| 1. You're right, it can be slow! But it's usually still consistent and that's useful. 2. Hmm, cascading deletions. Is that really a big problem in practice? I'm skeptical because it seems like that would affect C and C++ programs too, but you rarely hear anyone mention it. Maybe Swift tends to use more objects whereas C++ programmers tend to be better at packing stuff together? 3. Fragmentation -- that's true, but again, it affects C and C++ too. I guess for long-running C/C++ programs you're likely to manage memory pools directly. I don't know if that's possible in Swift. 4. Cycles -- weak references work fine for this. I have never had trouble with cyclic garbage in Objective-C. (I mean, I've had leaks, but they're always easy to spot with a leak detector and easy to fix with weak references.) Overall, it seems to me that reference-counting adds a small but consistent performance penalty, and otherwise should have comparable runtime behavior to malloc/free in C, which is known to work pretty well when used correctly. Note that Apple got smooth and reliable 60fps performance on the original iPhone, which was extremely resource-constrained by modern standards, using Objective-C, which isn't usually considered a fast language! On the GC side, it seems like you typically get bursty, unpredictable performance, in both time and memory. Modern GCs work very hard to keep collection pauses as short as possible, but almost inevitably that means keeping garbage around for longer, which means using a lot of memory. |
2. It only takes freeing a tree with a few thousand nodes for it to become an issue. It happens in C++, too (heck, there've been cases where chained destructor calls overflowed the stack [1]). The reason why you don't hear more about it is because pause times just aren't that big a deal for most applications. In forum debates, people always discuss triple A video games and OS kernels and such, but in practice, only a minority of programmers actually have to deal with something even approaching hard real time requirements. Generally, most applications optimize more for throughput rather than pause times.

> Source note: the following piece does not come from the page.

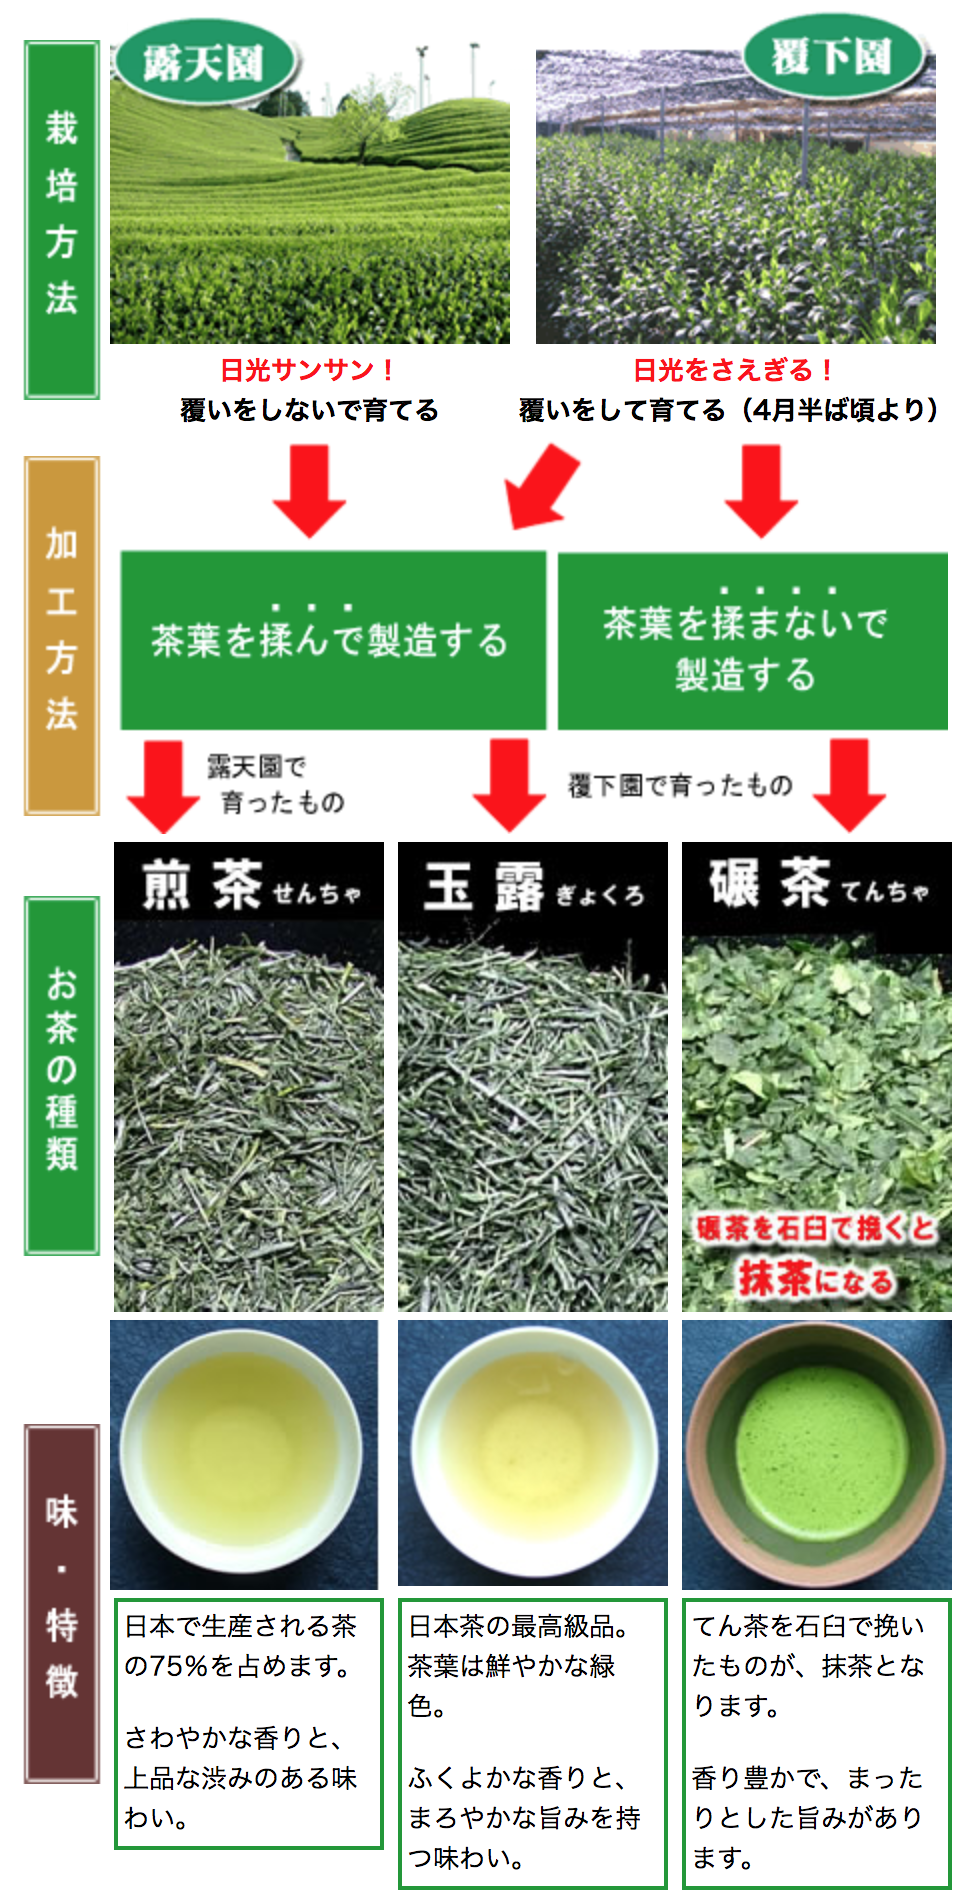 お茶 日本茶 緑茶 の種類 アニメで学ぶ 京都 舞妓の茶本舗
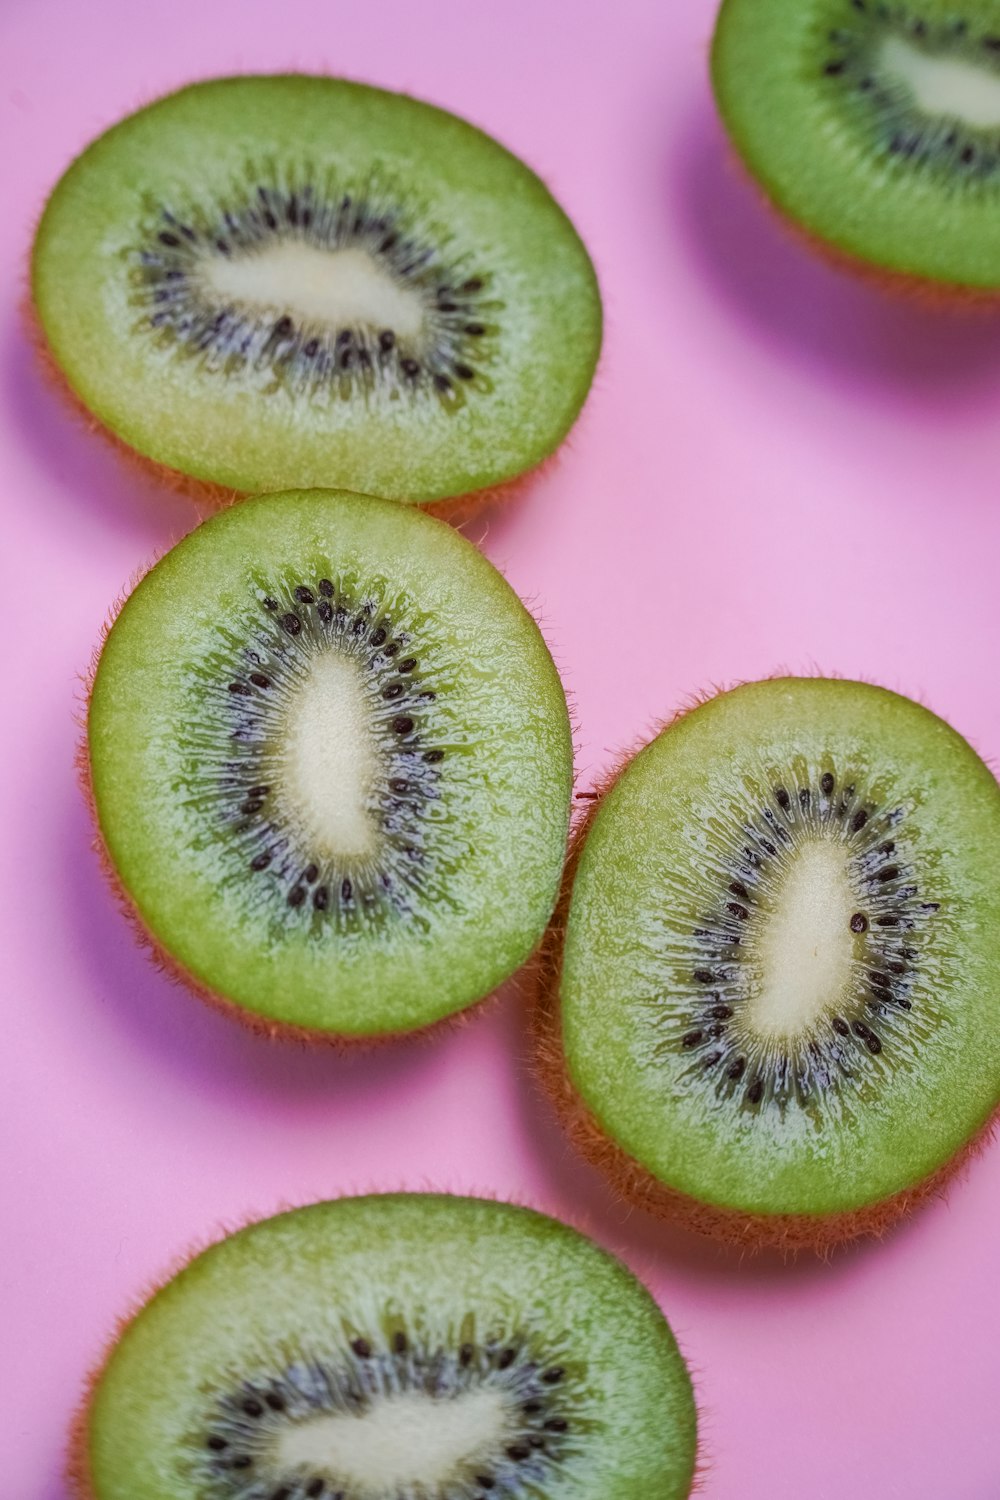 녹색과 분홍색 얇게 썬 과일

3. Yes, and it can be a problem for C/C++, too. It's rare, but not non-existent. Note that pools can actually make fragmentation worse for long-running processes.
4. Weak references work if you get them right. But for long-running processes, even a single error can accumulate over time.
> On the GC side, it seems like you typically get bursty, unpredictable performance, in both time and memory. Modern GCs work very hard to keep collection pauses as short as possible, but almost inevitably that means keeping garbage around for longer, which means using a lot of memory.
This ... is not at all how garbage collectors work, especially where real time is concerned. Not even remotely. I recommend "The Garbage Collection Handbook" (the 2011 edition) for a better overview. And ultra-low pause times are generally more of an opt-in feature, because they're rarely needed.